# For Sale - 240 Wa Gyuto



## Dave Martell (May 5, 2018)

*240mm Wa Gyuto - CPM154*









Model - Gyuto
Blade Length - 240mm
Steel - CPM154 (powdered stainless)
Hardness - Rc 61-62 (with cryo)
Height (at heel) - 55mm
Weight - 8oz (227g)
Handle Style - Wa (Octagonal)
Handle Dimensions - 20/25mm x 23/26mm x 135mm
Handle Materials - Maple Burl & Paper Micarta
Collection - Standard
FREE Lifetime Sharpening included!

Made from CPM154 powdered stainless steel to have great edge retention, ease of sharpening, and low maintenance requirements.


Food separation will be good, primarily as a result of the (thin) convex grind towards the edge, and also assisted by a forward balance where weight is retained in the upper section of the blade as much as possible. 


The spine, although nicely tapered, retains strength and resists flex yet the tip is thinly ground for making proper score cuts as required.

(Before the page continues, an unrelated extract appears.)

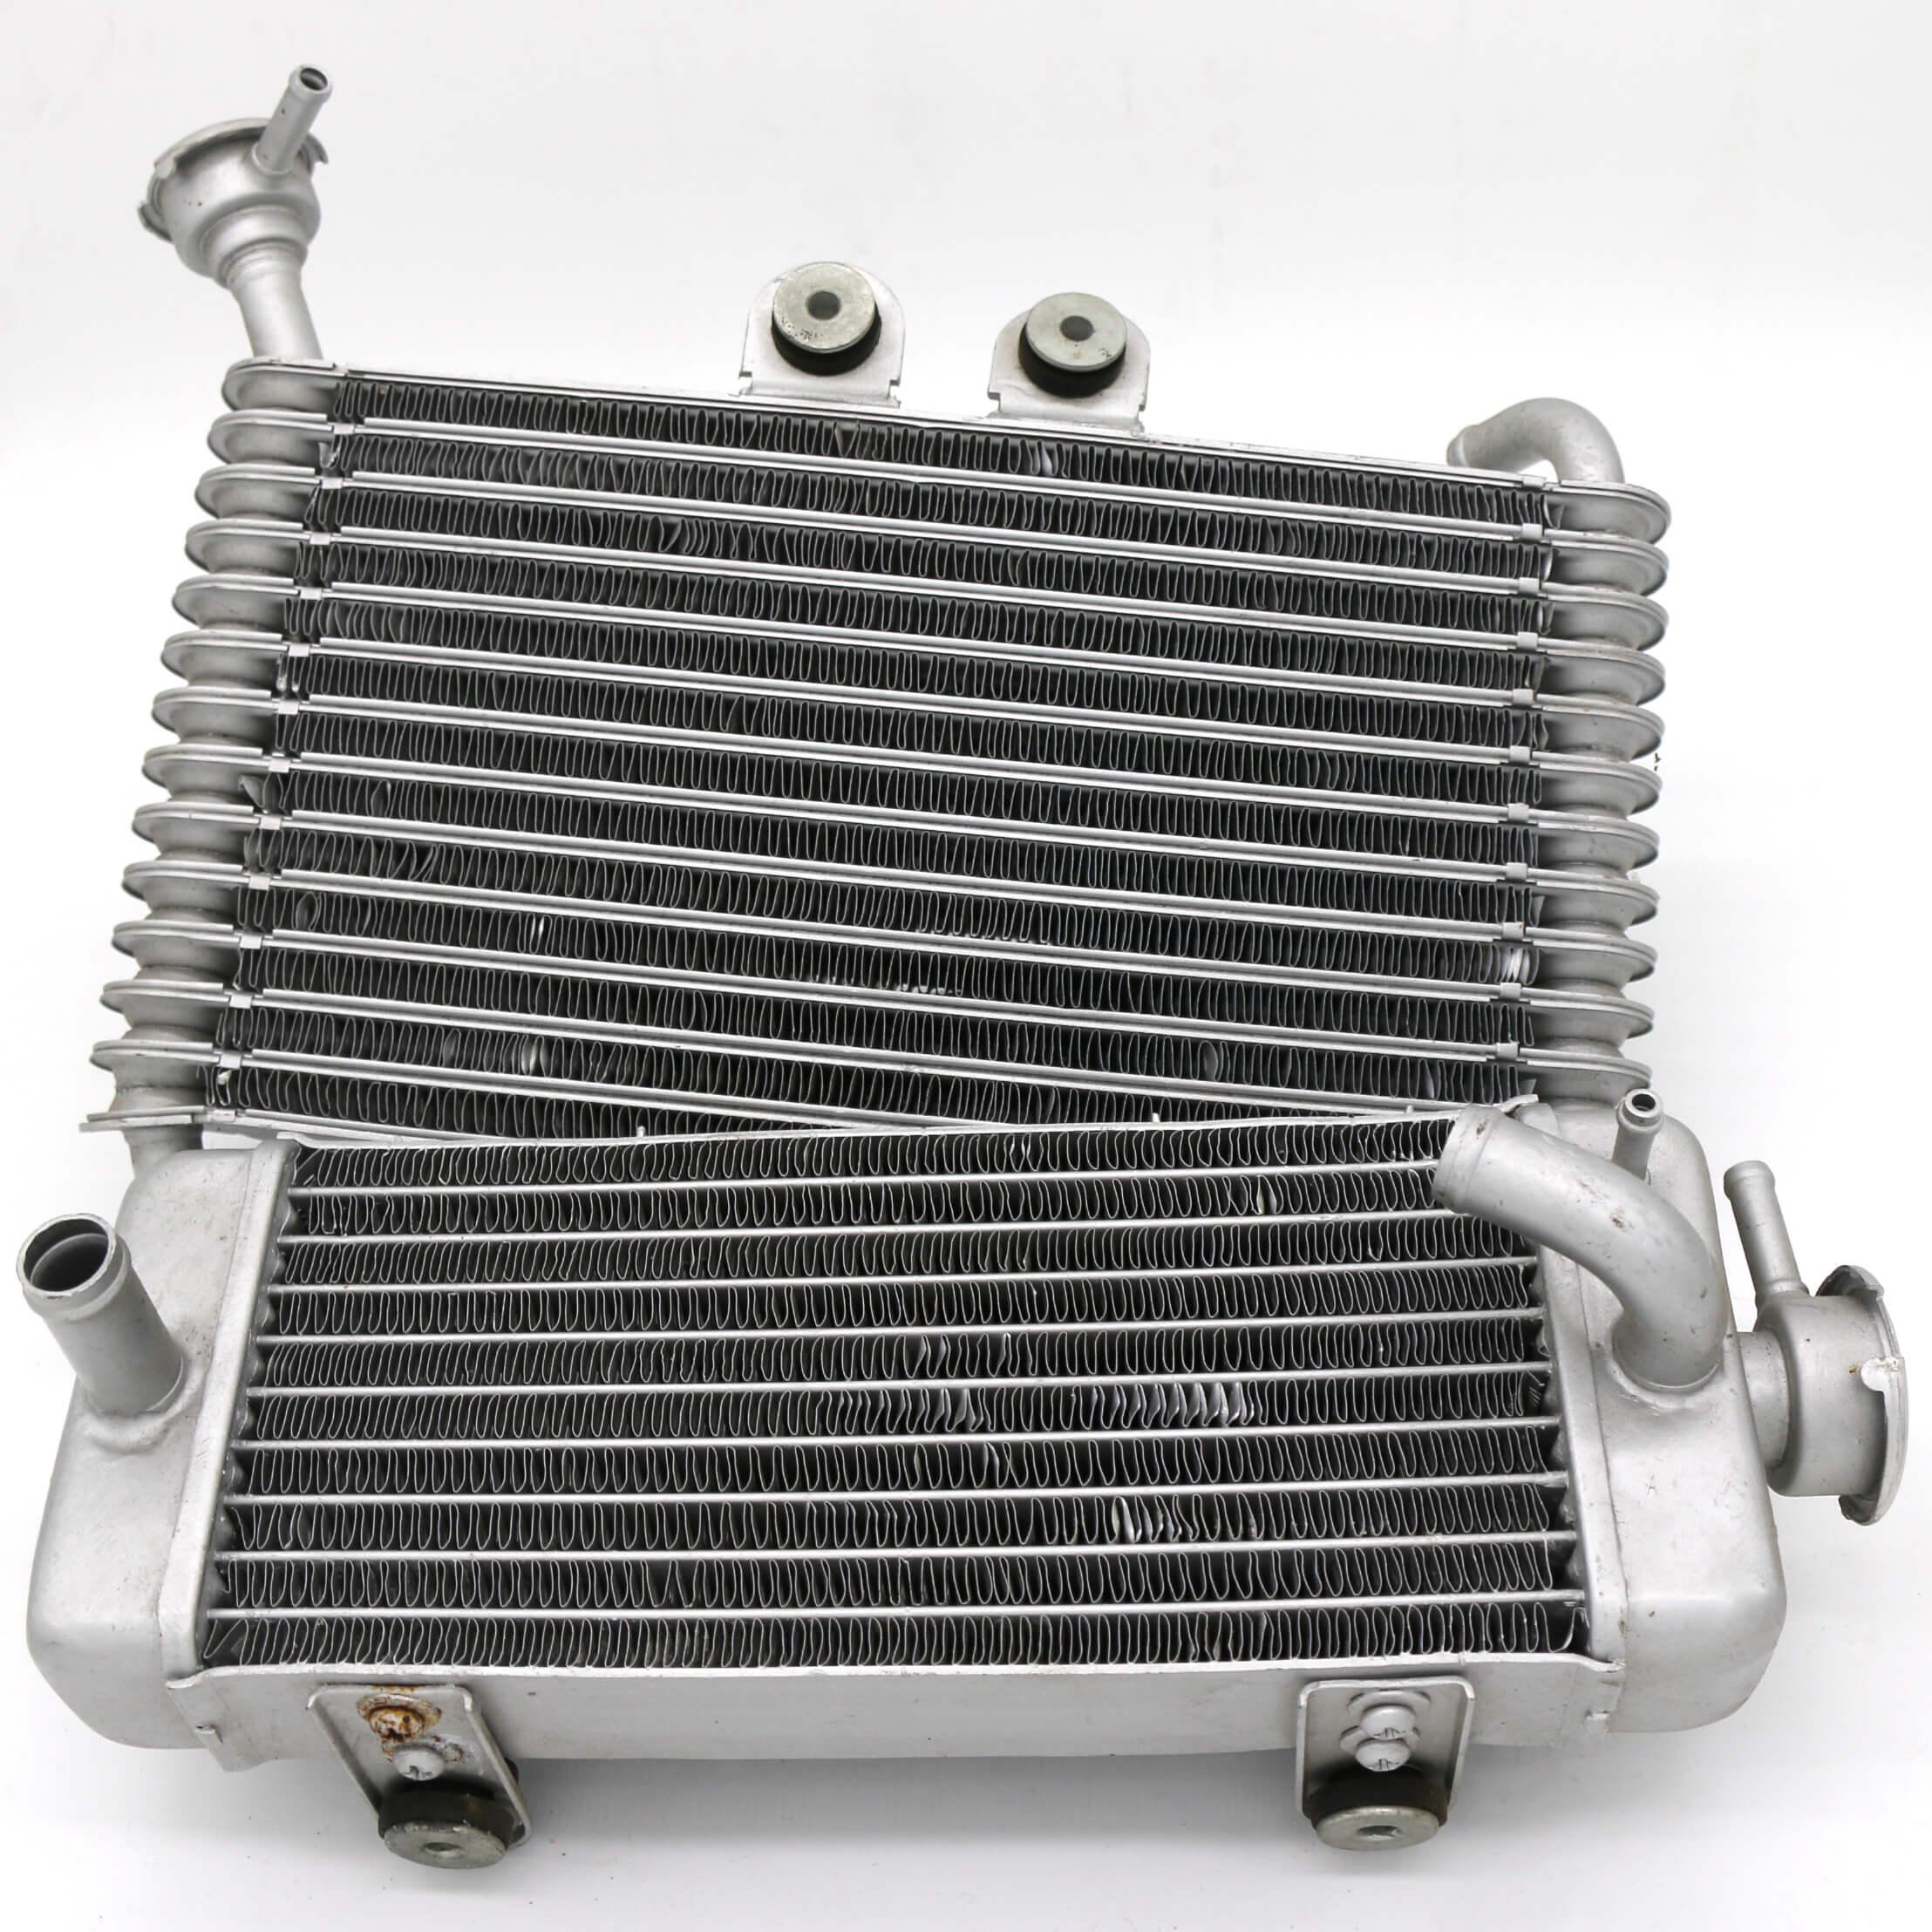 Radiator, aluminum, aluminium, brass, copper, and steel

The octagonal wa style handle is full sized (see above dimensions) made from a blue dyed maple burl for the main section paired with a black paper micarta ferrule. I can see this handle appealing to a person who likes some color in their life but not so in your face. It has a sort of deep space look to it, yet simple.

_*Please see close up pictures for details.



_*Price - $525


**If interested in purchasing you can either checkout HERE or send me a PM with your email address and location and I'll follow by sending you a Paypal invoice.




*


----------



## Dave Martell (May 6, 2018)

Price dropped - need to sell ASAP! :sad0:

https://martellknives.com/collections/buy/products/240mm-wa-gyuto-cpm154


----------



## Dave Martell (May 7, 2018)

Don't make me drop the price again! :shocked3:


----------



## Dave Martell (May 7, 2018)

OK, *I dropped the price again* - my pain is your gain - really hoping it sells. :dazed:


----------



## Nemo (May 7, 2018)

Nice looking knife Dave. Is this the same grind as my O1?


----------



## Dave Martell (May 7, 2018)

Nemo said:


> Nice looking knife Dave. Is this the same grind as my O1?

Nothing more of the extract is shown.